> _What is being asked_
Return the line that has "The Midland Hotel, Manchester, England, UK." and all lines below it through the last, exactly as they stand; omit pictures.

> _Data provided_
# # #

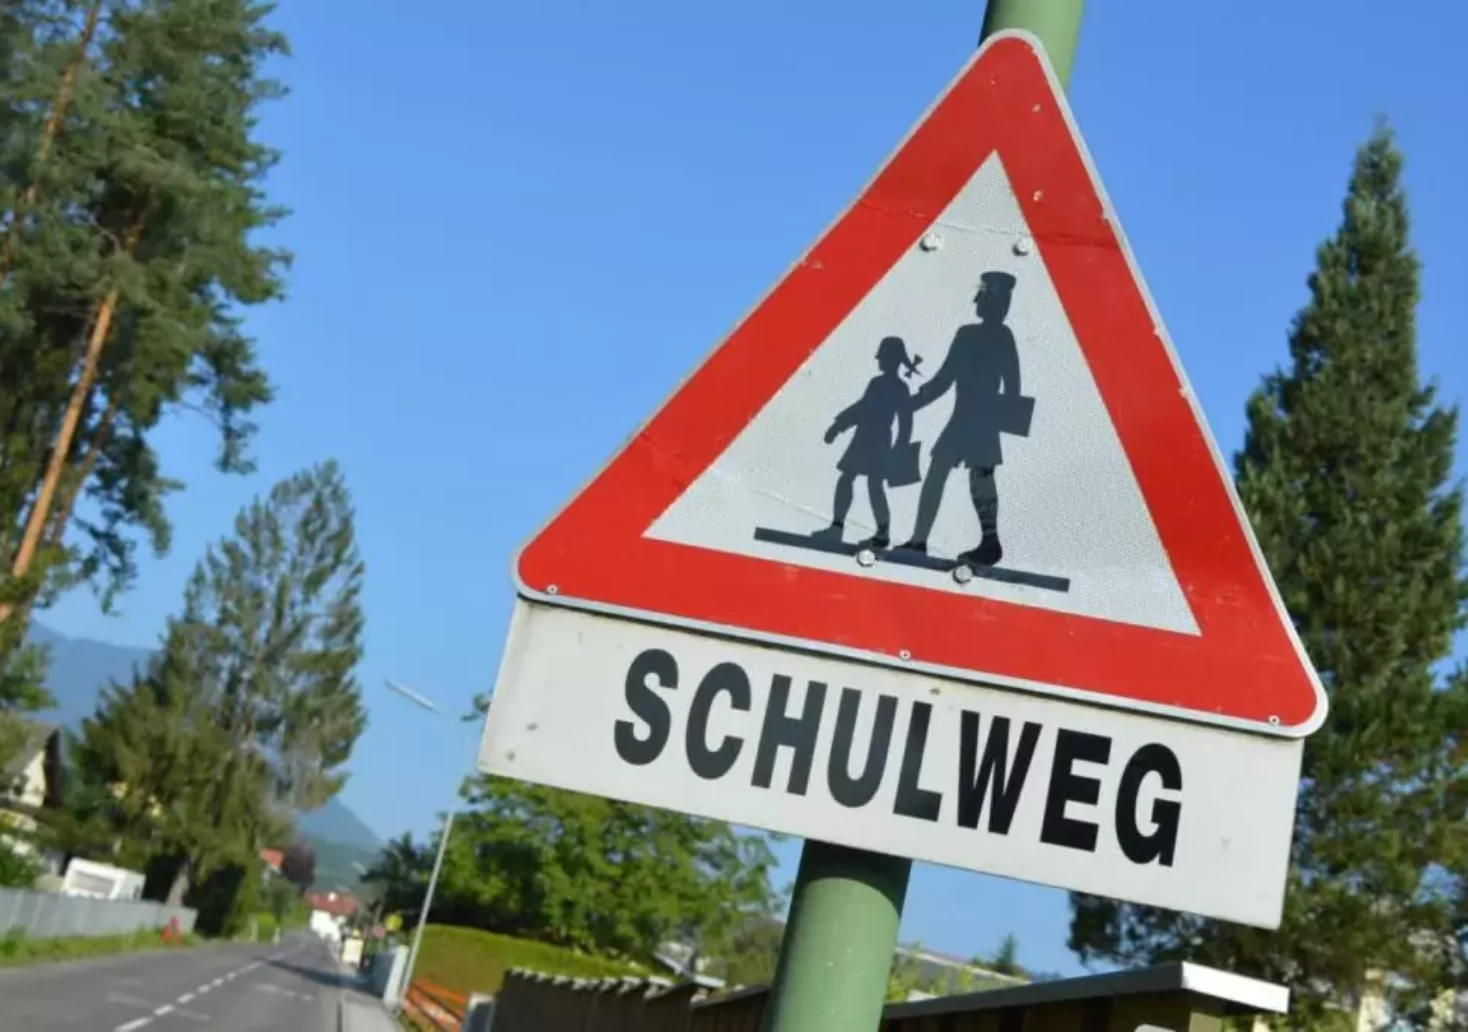 Bild auf 5min.at zeigt das Schild "Schulweg".
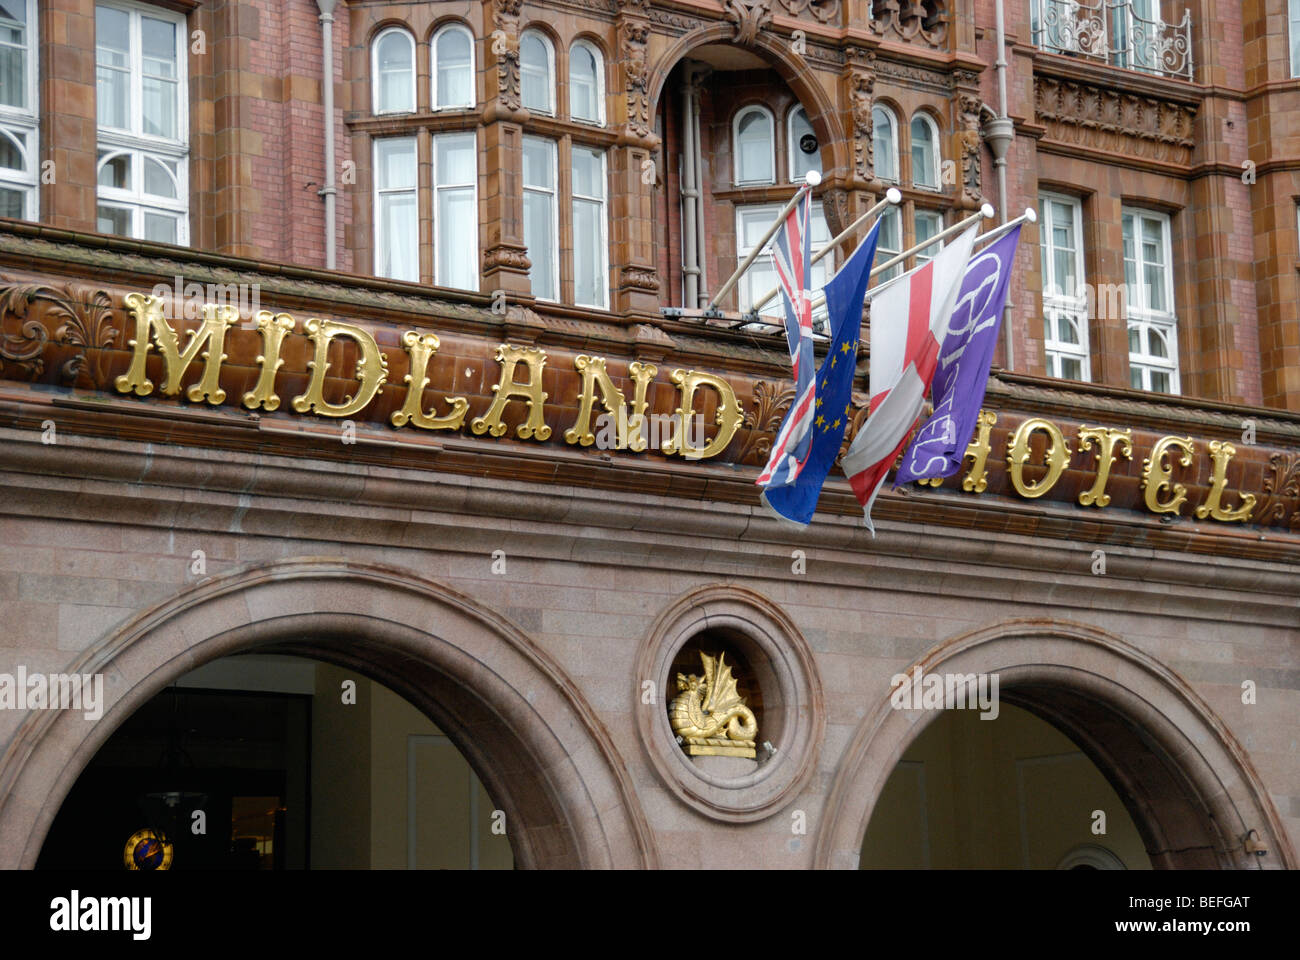 The Midland Hotel, Manchester, England, UK. Stock Photo
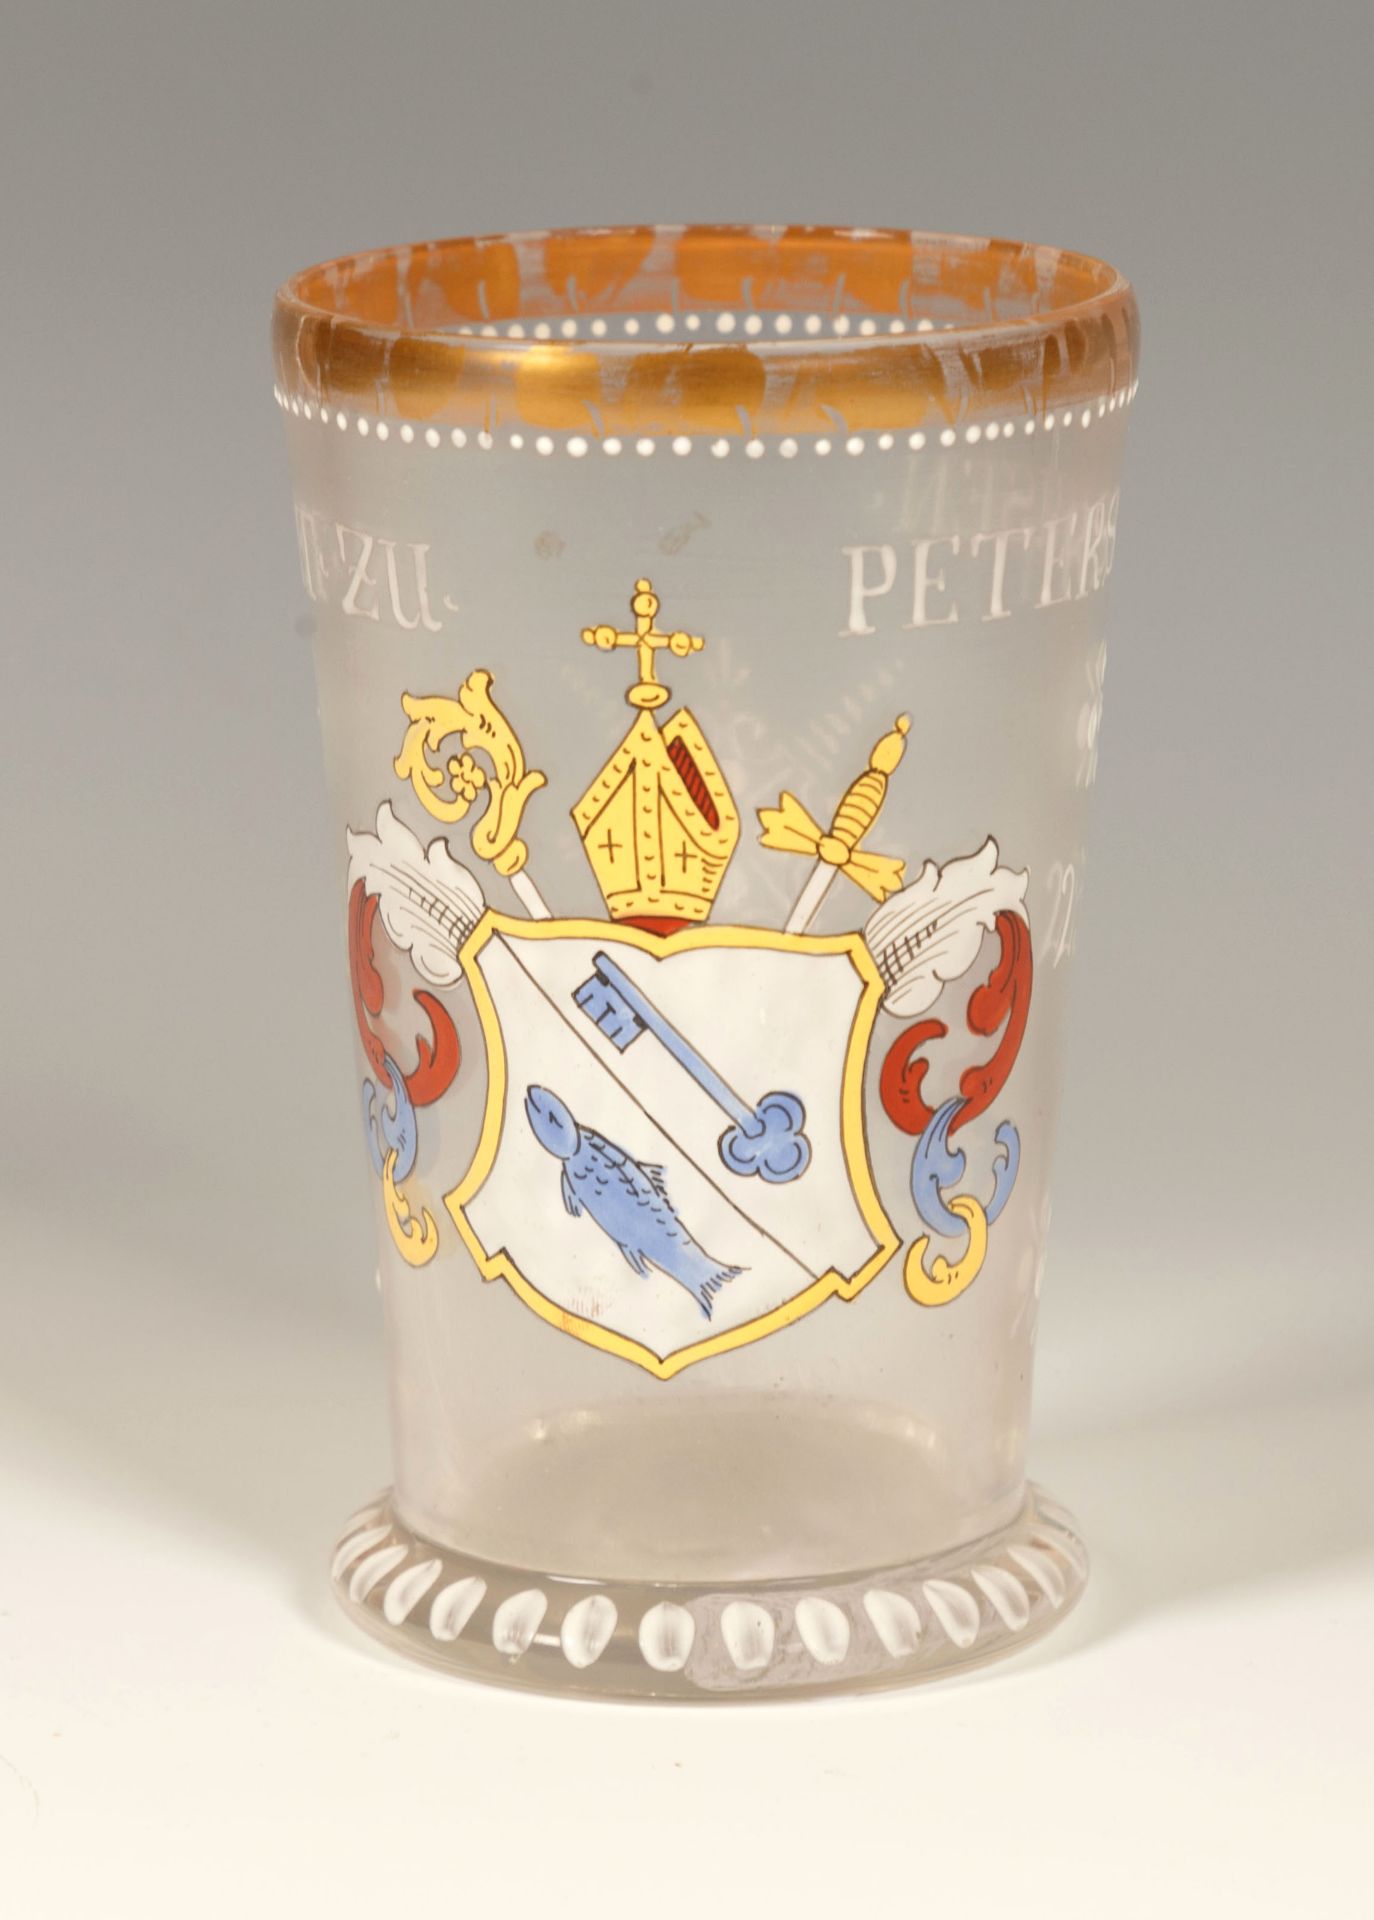 Abtbecher. Farbloses Glas mit bunter Emailbemalung. 'Abt zu Petershausen' Wappen und Datierung 1623

# # #

> _Answer box_
 The Midland Hotel, Manchester, England, UK. Stock Photo
 Abtbecher. Farbloses Glas mit bunter Emailbemalung. 'Abt zu Petershausen' Wappen und Datierung 1623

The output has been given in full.